In Western cultures, it may have negative connotations of losing youth, with the consequences of ageing. Also, discussion about the menopause and its changes might be taboo, and not talked about, even among friends. When it comes to stress, try to identify and challenge Menopause making me crazy thoughts or inner voice that makes you feel stressed. It can be helpful to:. Sometimes if you don't waste energy fighting a feeling, you can feel better faster and calm down faster.
If you have been worrying about your mood, stress, emotions or body image, there are also many other practical things you can do to help: There are techniques that can be successful Menopause making me crazy helping to deal with depression, anxiety, stress and poor body image. CBT involves recognising the unhelpful thoughts that influence depression and anxiety, replacing them with more helpful thoughts and using relaxation and breathing techniques to reduce the impact of the physical symptoms of anxiety.
Recent research suggests that CBT can be used effectively to help manage hot flushes. For more information on CBT, go to anxiety. Mindfulness training teaches you to focus on the present moment and not get so caught up in your thinking. It is also important to reduce stressors, as these can set off anxiety and depression.

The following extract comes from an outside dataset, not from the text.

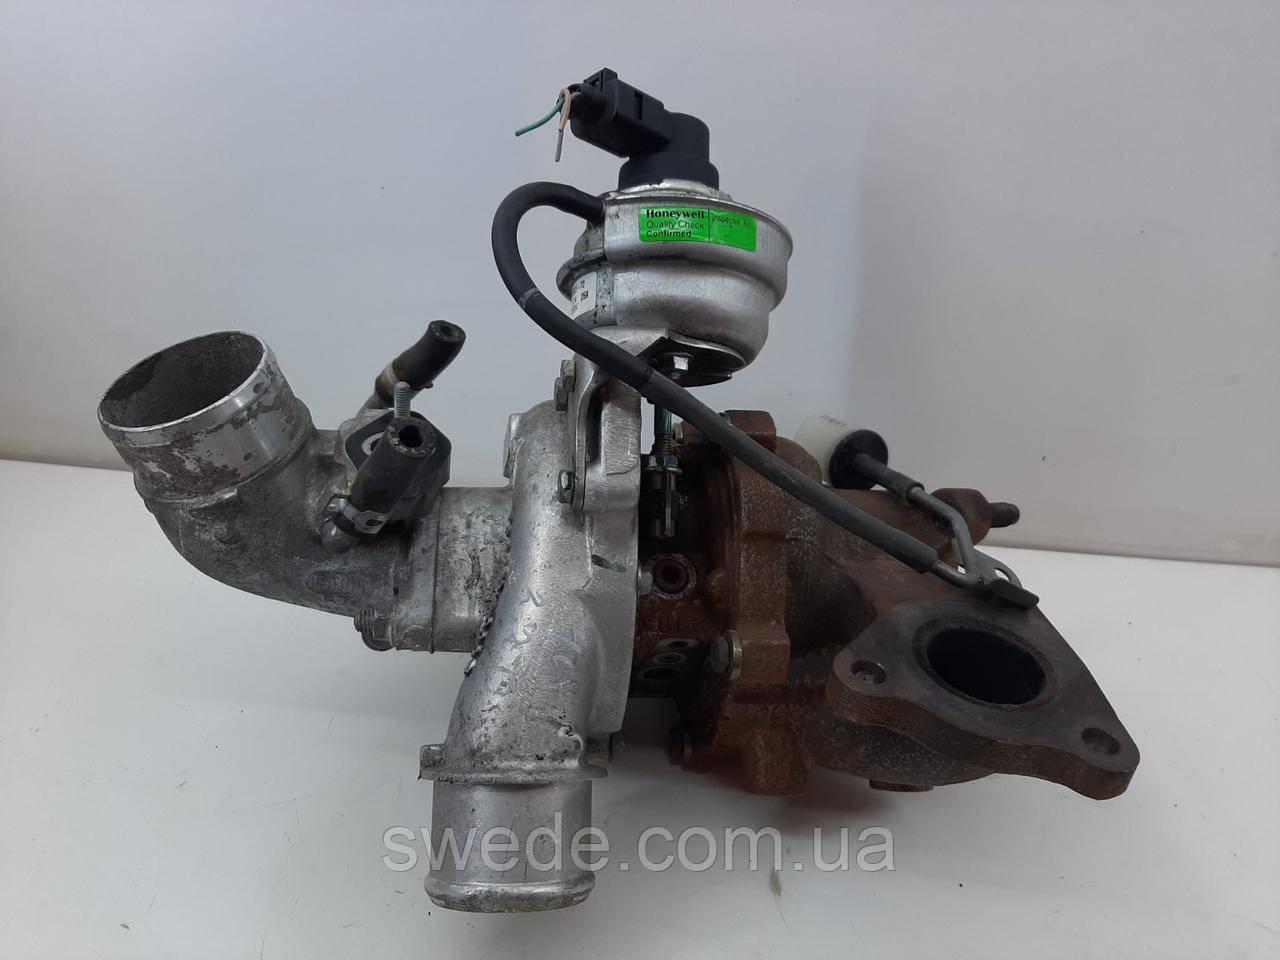 Турбина Honda CR-V 2.2 i-DTEC 2013-2018 гг 18900RFWG011M2
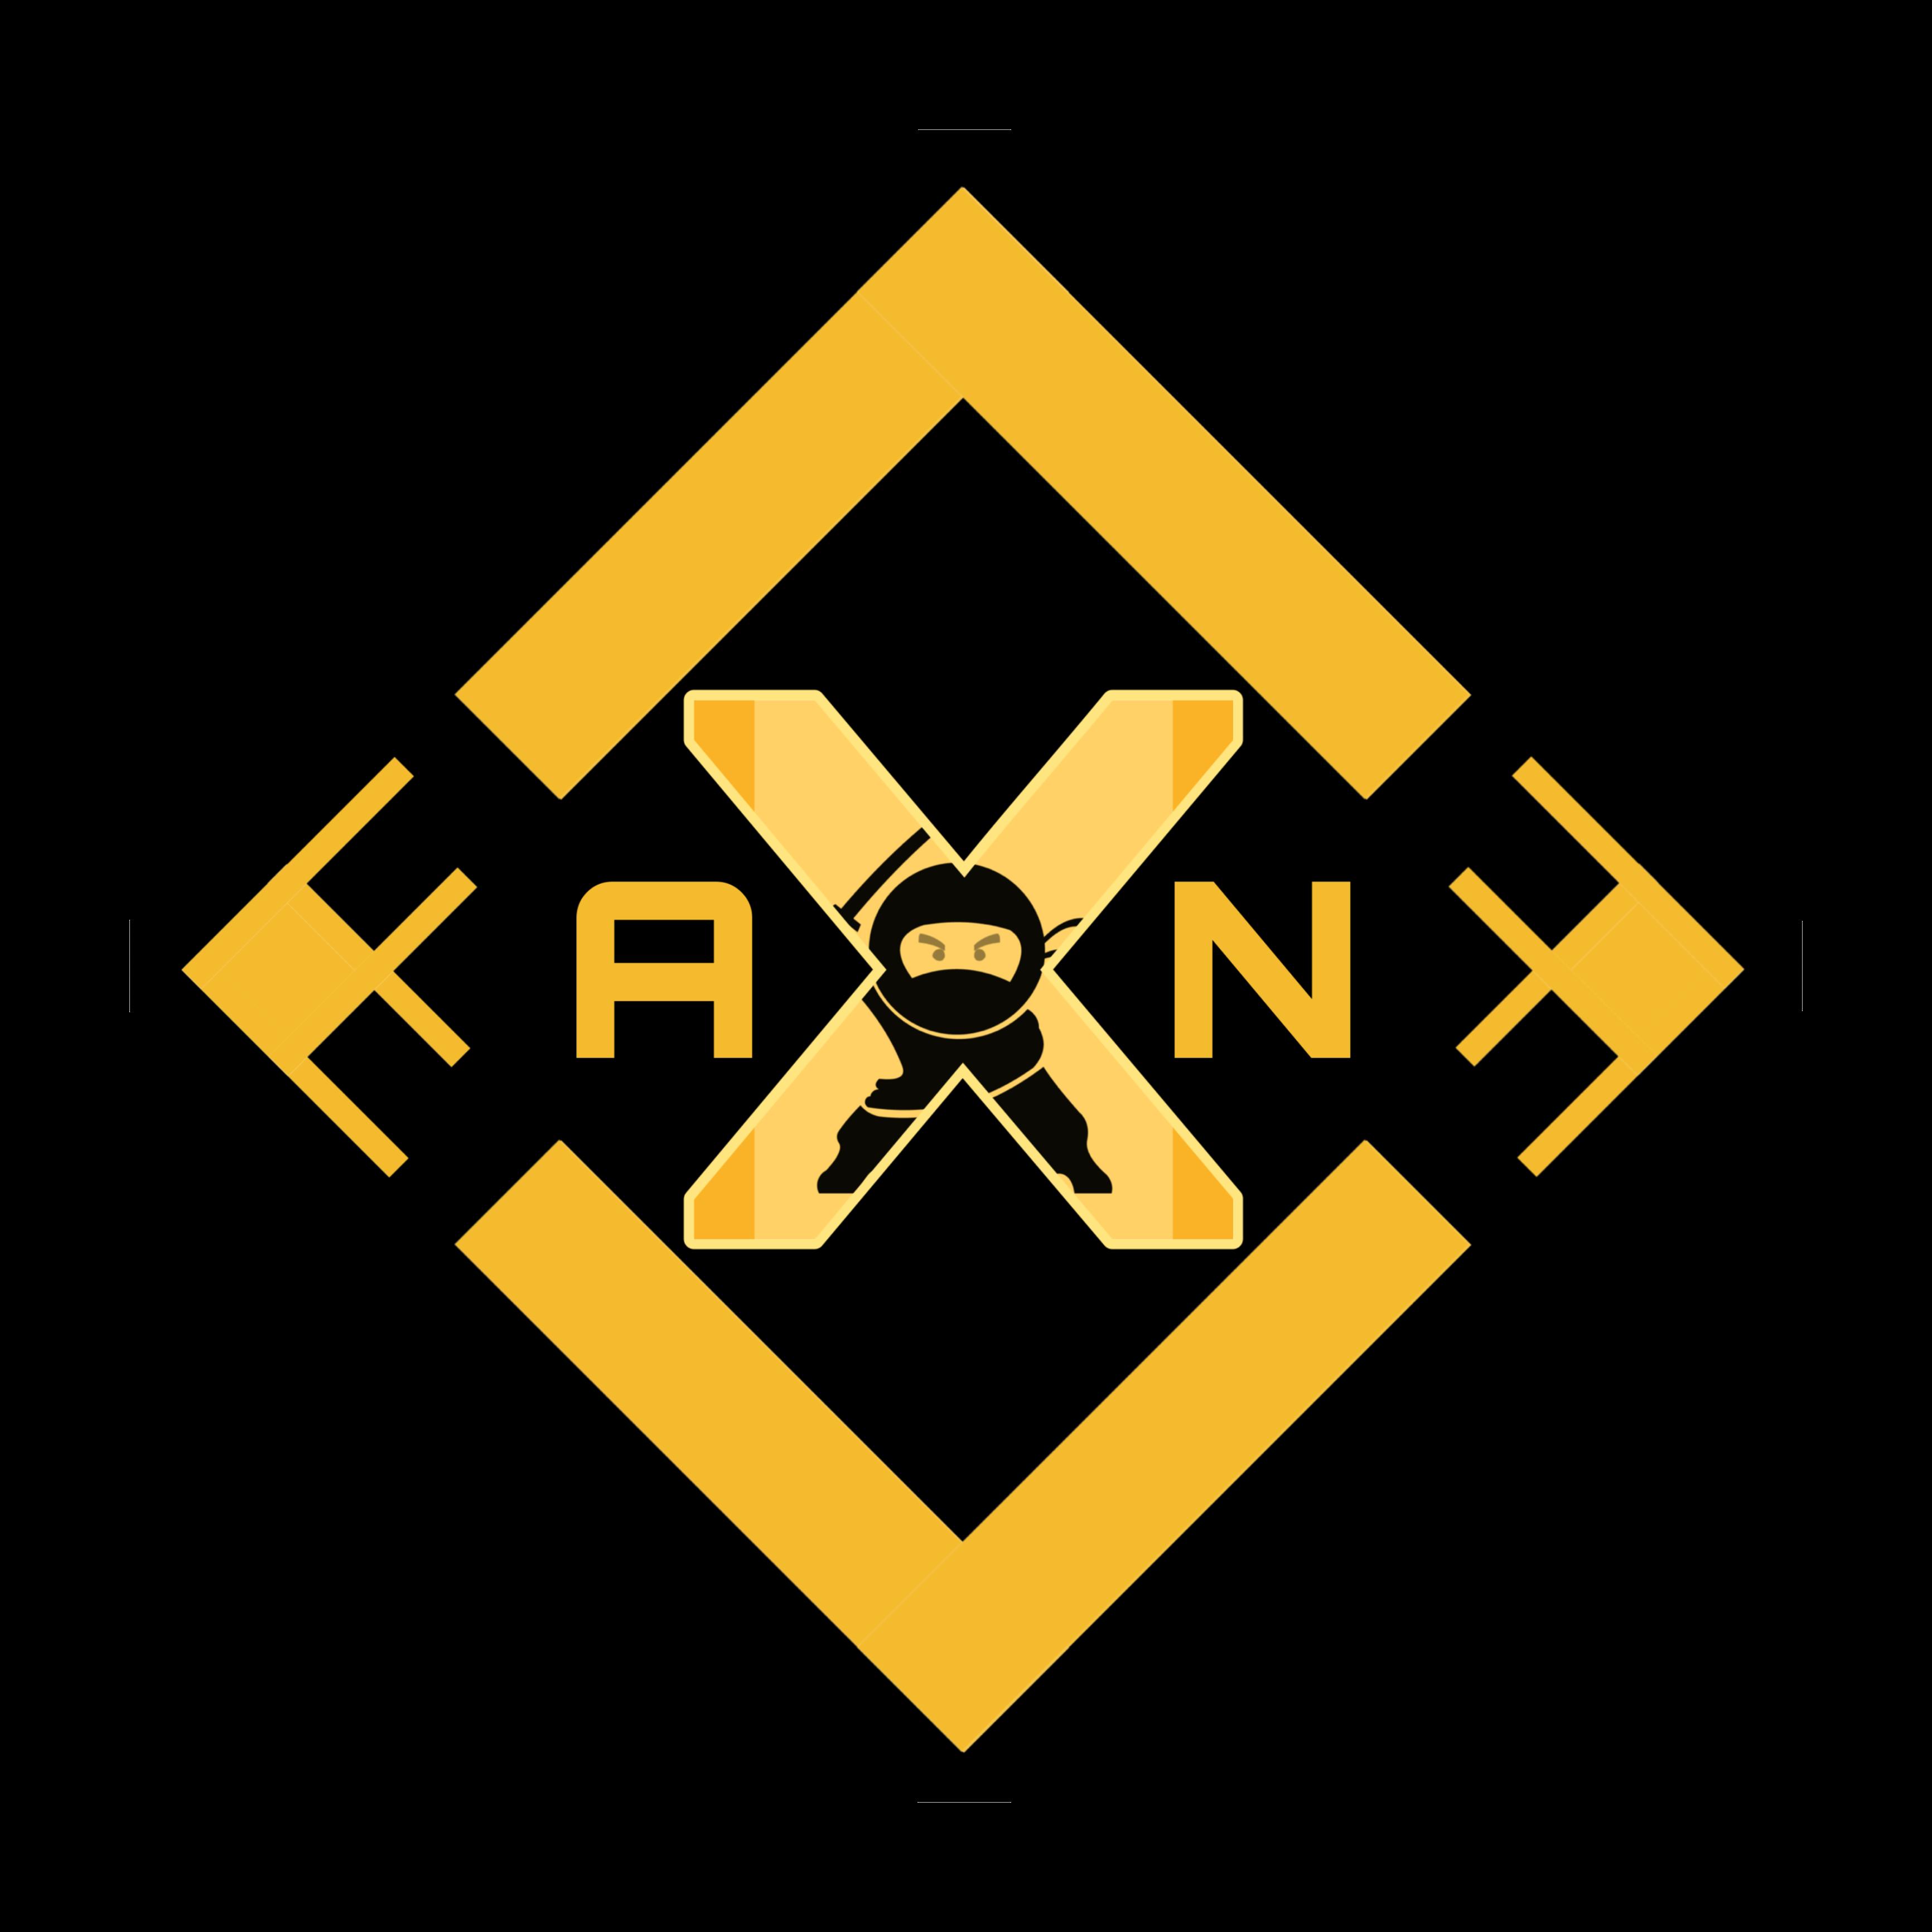 https://solidproof.io/storage/logos/ALEnF8ijCRVSPh4C3RCQXx4Tb5ULXLe1O3JYvBjA.png

Mindfulness is a clinically proven technique that can be learned and incorporated into your daily life to help manage anxiety and improve your wellbeing.
Relaxation is a skill that needs to be learned. There are different "Menopause making me crazy" that can help you to relax, and knowing the one that suits you is best. For more information on relaxation go to anxiety. First, see your doctor or health professional to discuss what therapy or therapies might be most suitable for you. Severe depression and anxiety can respond to treatment with medication such as antidepressants in combination with 'talk' therapy counselling or psycho-therapy from a registered psychologist or psychiatrist.
In some women with mood disturbance, anxiety or depression, menopause hormone therapy MHT may be of value in reducing their symptoms, but may also be combined with antidepressants or therapies, such as CBT.